Прощание и обнимание продолжались так долго, что Александра Семеновна потеряла терпение и просила напомнить «детям», что пора ехать.

— Прощайте, до свидания, прощайте! Пиши, я буду тебе писать, и я, и я! — кричали девушки, теснясь и стараясь хоть прикоснуться к Кате и Варе, которые целовались, обнимались и обещали все, чего от них хотели.

— Вот это твои ключи. Чемоданы, мешок и подушки уже отправлены к Вадимовым. За тобой приедут в семь часов. Вы нагоните их в Москве или в московском имении. Это тебе на дорогу, — сказала Марина Федоровна, подавая Кате небольшой сверток, перевязанный розовым шнурочком. — Я жду твоего письма с дороги, непременно. Христос с тобой.

Она последняя в доме обняла Катю и перекрестила ее.

— Слава Богу! Благослови Господи! — сказала Александра Семеновна уже в карете, целуя Катю, которая нагнулась и прижала к губам ее руку.

— Благослови вас Господи, вас и дорогого Андрея Петровича за все, за все, что вы для нас сделали! — шептала Катя.

Растроганная старушка обняла Катю, потом Варю, потом опять Катю и, смеясь сквозь слезы, сказала:

— Да сидите смирно! Народ пальцами на нас показывает, рты разевает.

Когда карета подъехала к подъезду дома, из которого Катя и Варя уехали детьми и в котором Варя с тех пор не была, к ним навстречу выбежал Лёва.

— Федя! — вскрикнула Варя, выскакивая из кареты, сжимая лицо хорошенького черноглазого, белокурого мальчика в своих руках и горячо целуя его.

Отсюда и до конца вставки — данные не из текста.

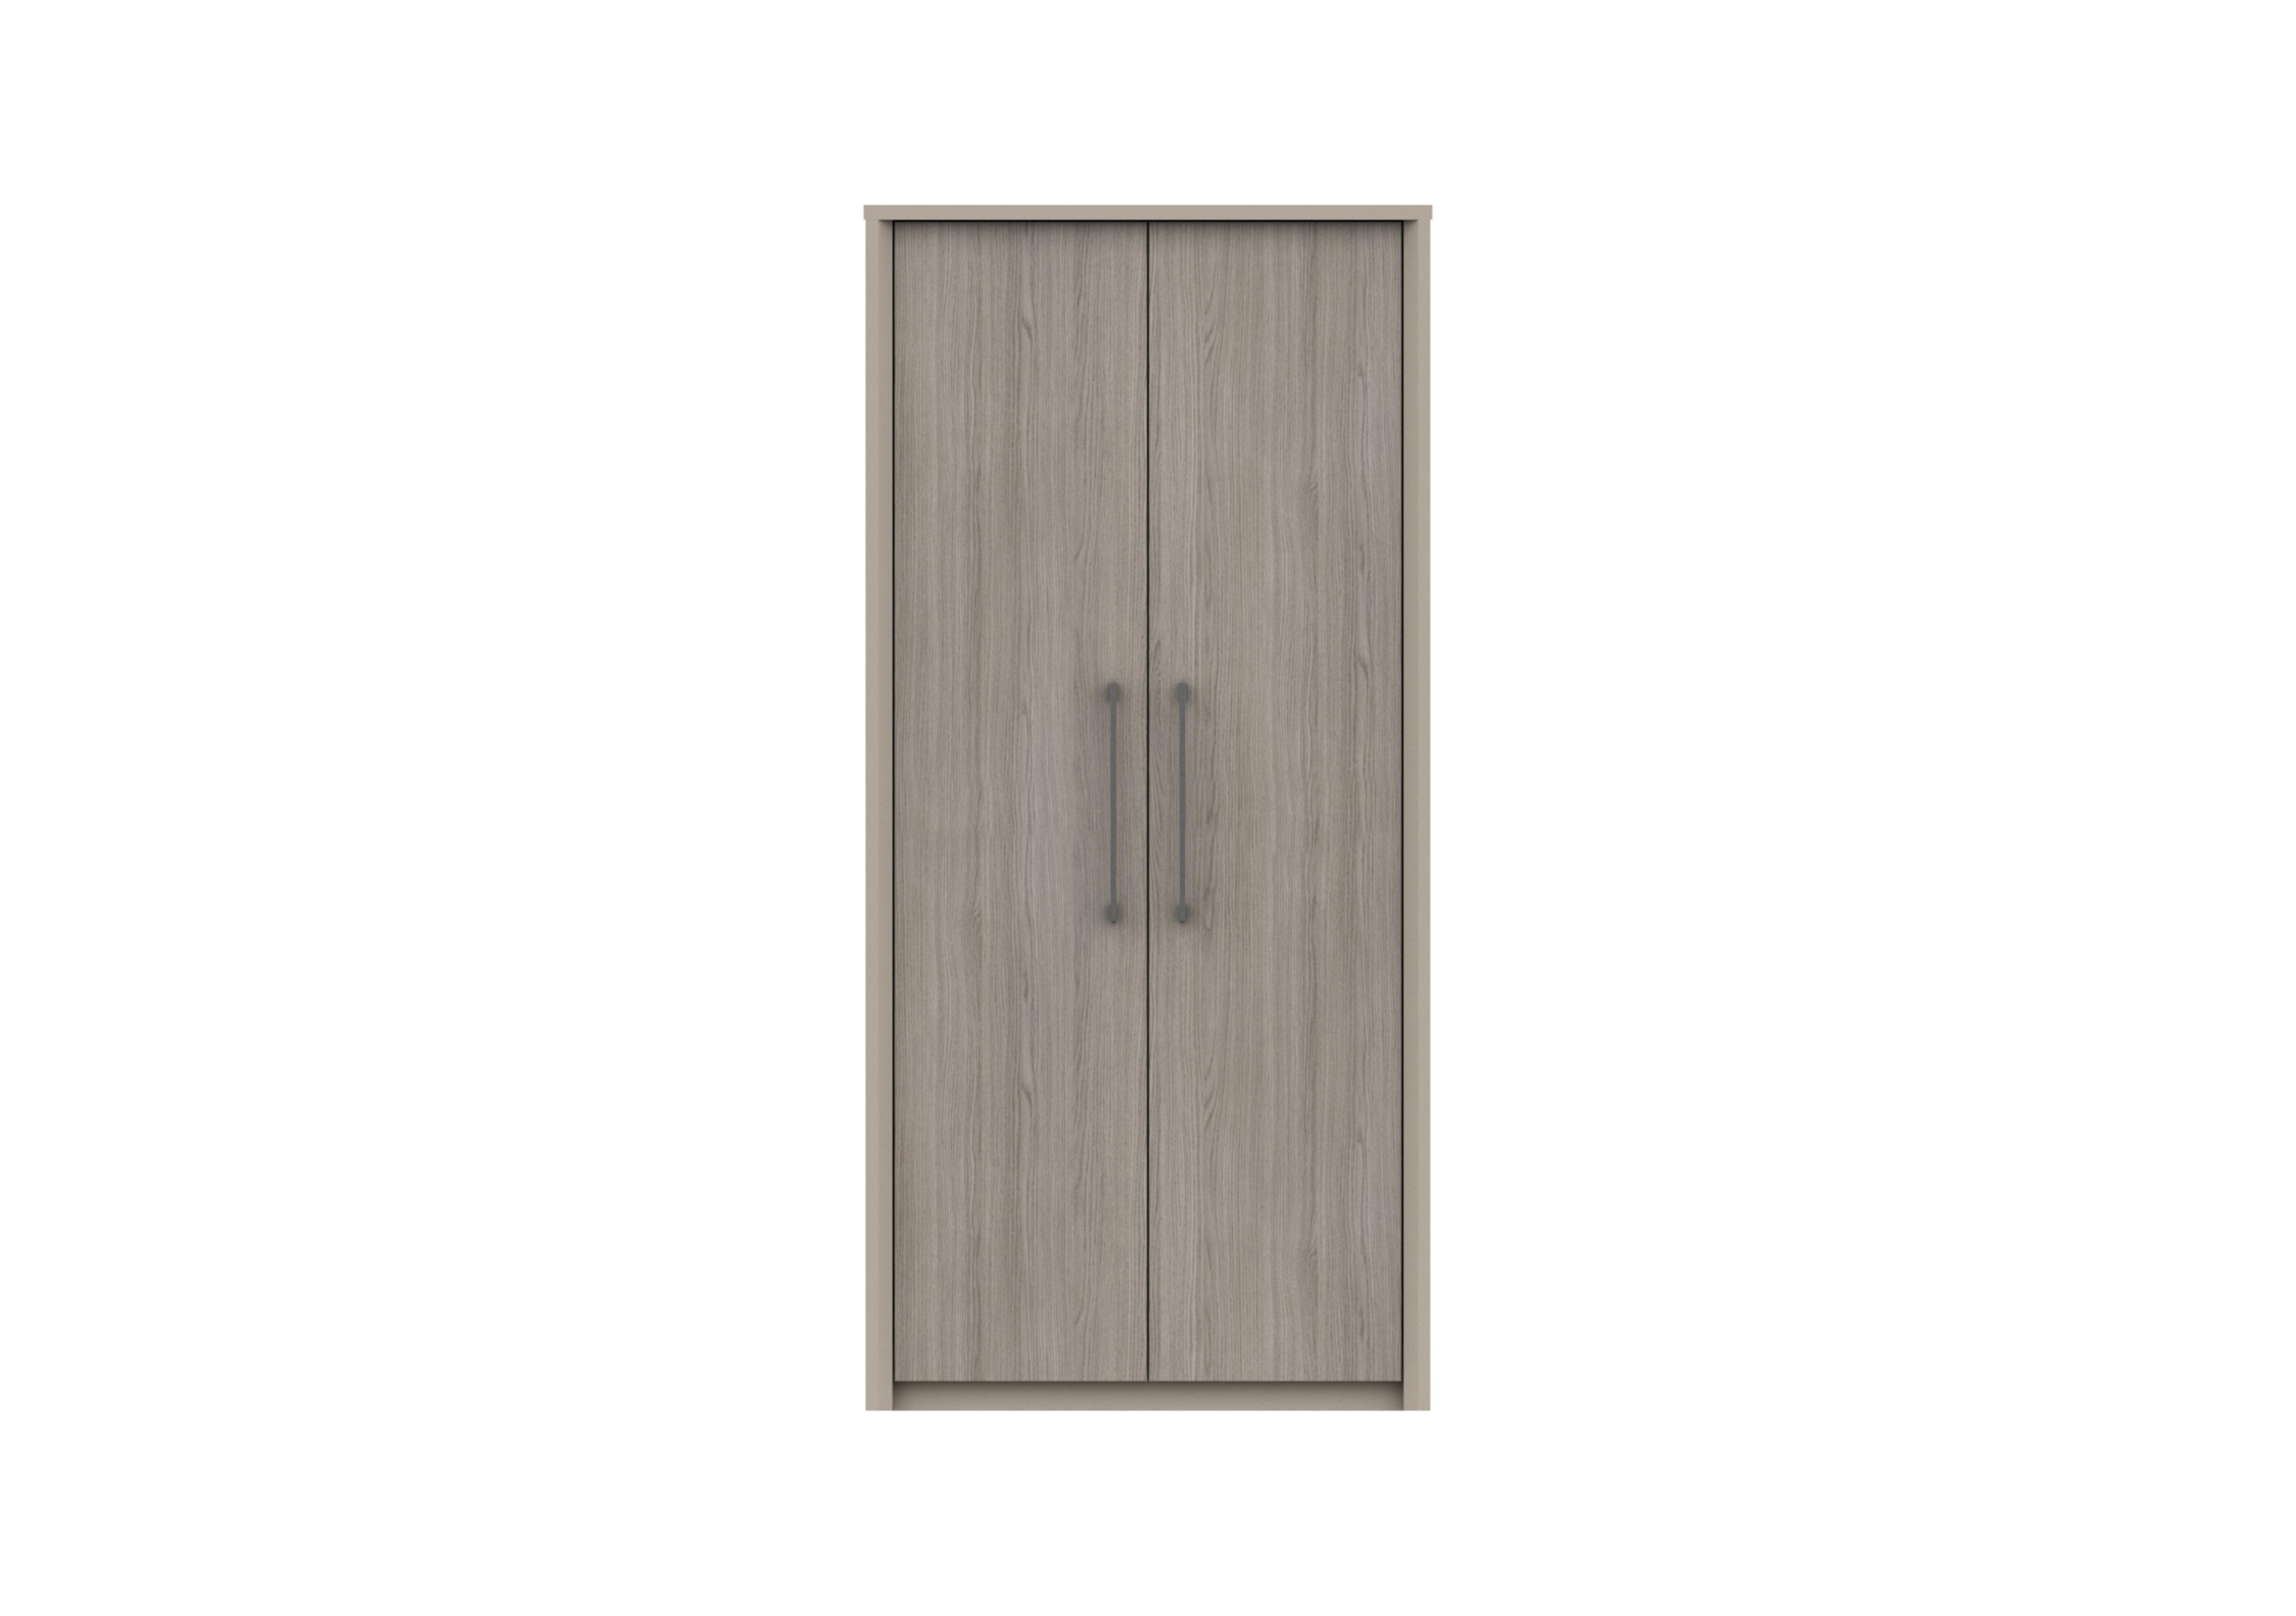 Paddington 2 Door Wardrobe in Fired Earth/Grey Oak on Furniture Village

— Лёва, ты хочешь сказать, — поправил ее мальчик, разнимая ее руки и торопливо целуя Катю. — Как долго-то! Мама уже беспокоилась. Андрей Петрович собрался за вами ехать.

Последние слова Лёва договорил уже на бегу. Он опередил сестер, чтобы оповестить мать и Андрея Петровича об их приезде.

Много было поцелуев, обниманий и пожеланий в этот счастливый час. Анна Францевна будто очнулась от долгого тяжелого сна. Увидев дочерей, она бросилась к ним.

— Как папа был бы счастлив! — сказала она и зарыдала.

В эту минуту все в доме были счастливы — и Анна Францевна, и дети, и старички Талызины, и старая няня Мариша, от радости поклонившаяся в ноги своим барышням, и Лёва, суетившийся и хлопотавший об угощении сестер, и прислуга Талызиных, видевшая красавиц барышень маленькими девочками.

Вечер подкрался незаметно. Никто в квартире Талызиных еще и не вспоминал о предстоящей разлуке, когда к подъезду дома подъехал и остановился дорожный экипаж, запряженный четверкой худых разношерстных лошадей. С козел соскочил пожилой лакей в дорожном платье, с сумкой через плечо. Он подошел к дверке, отворил ее и, сказав: «Постойте, Авдотья Егоровна, я сейчас узнаю, этот ли подъезд», — поспешно скрылся. Лошади потряхивались, поднимая и наклоняя головы, погромыхивали бубенчиками. Ямщик, сидя боком и опустив вожжи, равнодушно смотрел перед собой и время от времени только покрикивал: «Ну-у ты! Тпру-у-у!»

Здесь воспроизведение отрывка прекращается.